My wrapper/ dryer is home made since I couldn't afford a production model when I started, but it turns out great rods anyway. If anyone wants help with how to build a wrapper, let me know.
Mudhole is great as far as selection, but their prices, especially after shipping, are a little higher than others. I've used The Rod Room in Orange Beach, AL a lot since they're close to my parents. If you're ever in the area, Kathy and her daughters are a lot of help when you stop in. Bridgemaster in Lake Wales, FL has the best deals on building supplies I've found. The prices are good enough that I make the 2 hour drive down there once a year or so, and they're closeout tackle selection is unreal! Soft plastics by the pound? Yes Please!


----------



## BayStYat (Sep 12, 2012)

KnotHome said:


> I haven't used MHX a little because of the price, but mainly because I love what I get from Batson already. I'll be happy to argue with anyone saying Batson is just good for the price. They're high quality blanks all around, with excellent quality control.
> Using and Batson blank, Fuji guides, and quality cork, you can build a great spinning rod for less than $100 that will stand against a $200 production rod any day. If you don't mind the time invested in building, then by all means go for it! If you can tie flies, you can build rods.
> My wrapper/ dryer is home made since I couldn't afford a production model when I started, but it turns out great rods anyway. If anyone wants help with how to build a wrapper, let me know.
> Mudhole is great as far as selection, but their prices, especially after shipping, are a little higher than others. I've used The Rod Room in Orange Beach, AL a lot since they're close to my parents. If you're ever in the area, Kathy and her daughters are a lot of help when you stop in. Bridgemaster in Lake Wales, FL has the best deals on building supplies I've found. The prices are good enough that I make the 2 hour drive down there once a year or so, and they're closeout tackle selection is unreal! Soft plastics by the pound? Yes Please!

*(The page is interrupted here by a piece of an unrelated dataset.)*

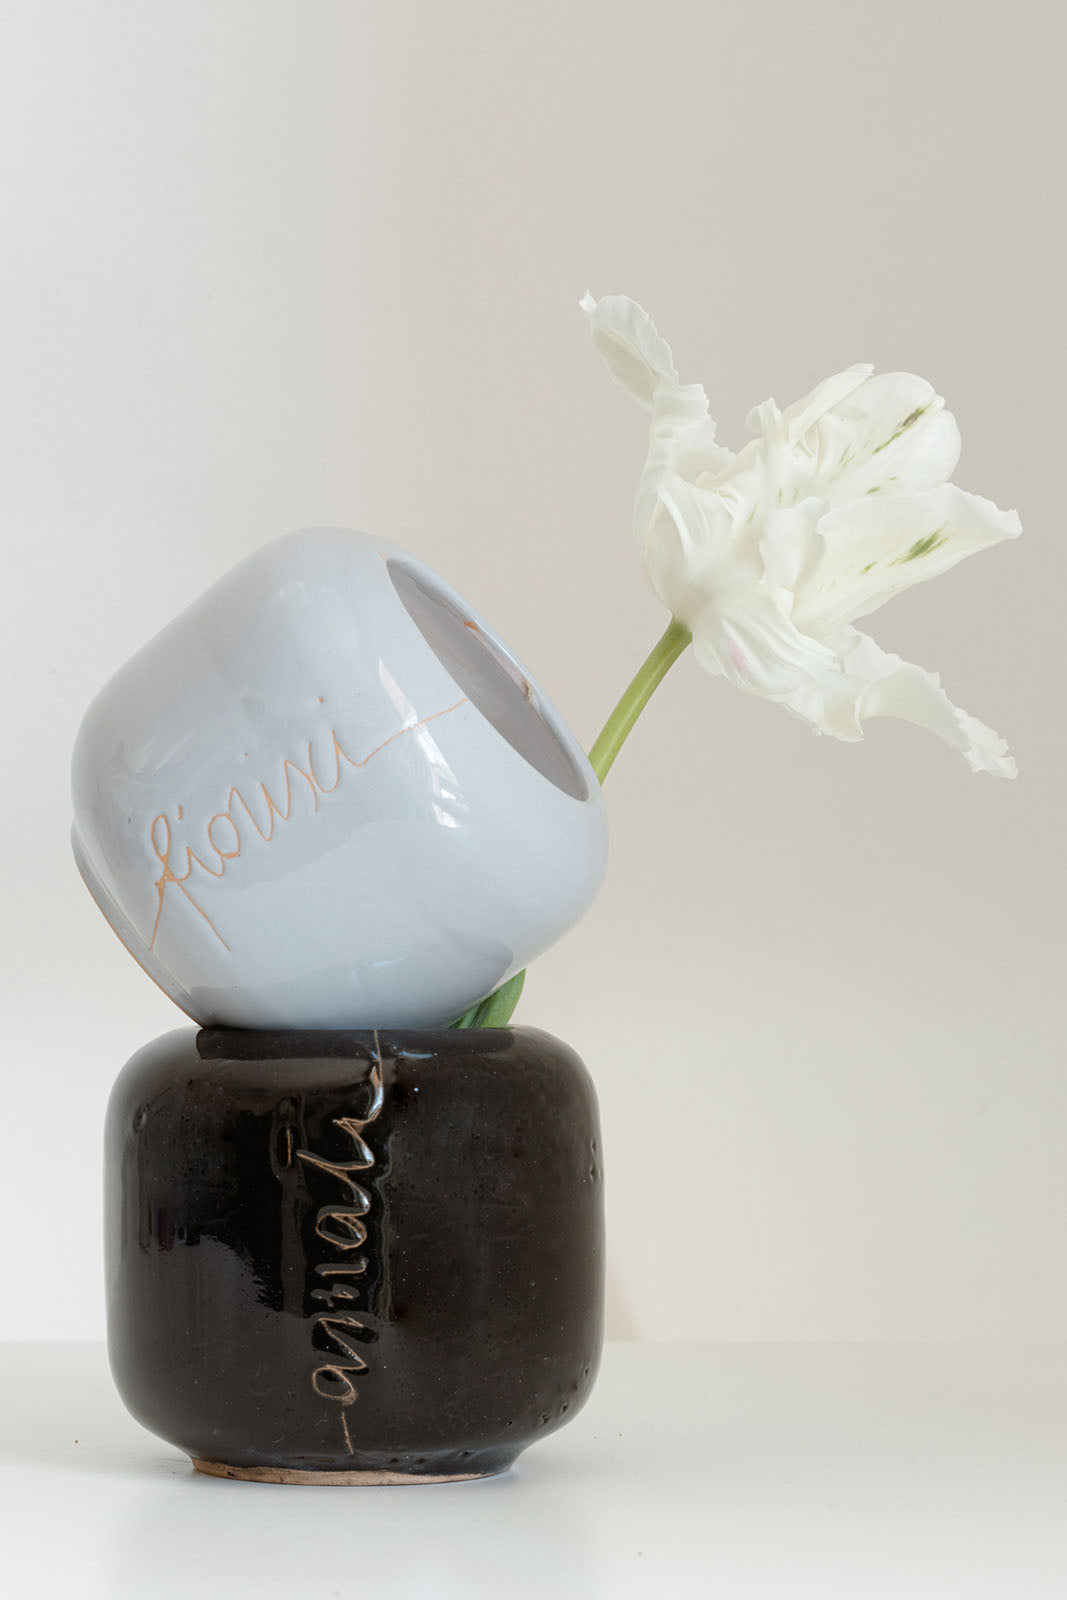 Vaso grigio in ceramica altezza 13 cm

Check out Anglers Habitat. They beat mudhole on pricing and shipping. RX8 spinning blanks are in my opinion the highest quality on the planet. I love the Rod Room also.


----------



## brew1891 (Dec 10, 2006)

mtoddsolomon said:


> Have any of y'all tried it? Is it worth it? What's your experience?
> 
> Thanks in advance!


Fair warning...its addicting...very addicting... and you will end up spending way more money. But being able to build it how you want is so much better to me. If you are doing it for purely economic reasons it wont work out for you.


----------



## BayStYat (Sep 12, 2012)

brew1891 said:


> Fair warning...its addicting...very addicting... and you will end up spending way more money. But being able to build it how you want is so much better to me. If you are doing it for purely economic reasons it wont work out for you.


BOOOOM!

I built rods i havent even fished. hahahha


----------



## mtoddsolomon (Mar 25, 2015)

brew1891 said:


> Fair warning...its addicting...very addicting... and you will end up spending way more money. But being able to build it how you want is so much better to me. If you are doing it for purely economic reasons it wont work out for you.


Definitely not for economic reasons, more for hobby type reason. Just finished building my own house and now looking for something to do with my hands, until a boat backs itself in my driveway.


----------



## Snooknut (Jan 22, 2013)

Great hobby to have


----------



## Jestevez (Oct 14, 2011)

Mud holes MHX blanks are great. The blank I use the most is the 7ft SJ843. You won't regret it.


----------



## Snooknut (Jan 22, 2013)

I have an old Loomis GL2 843 that is similar to the MHX. It's a great blank


----------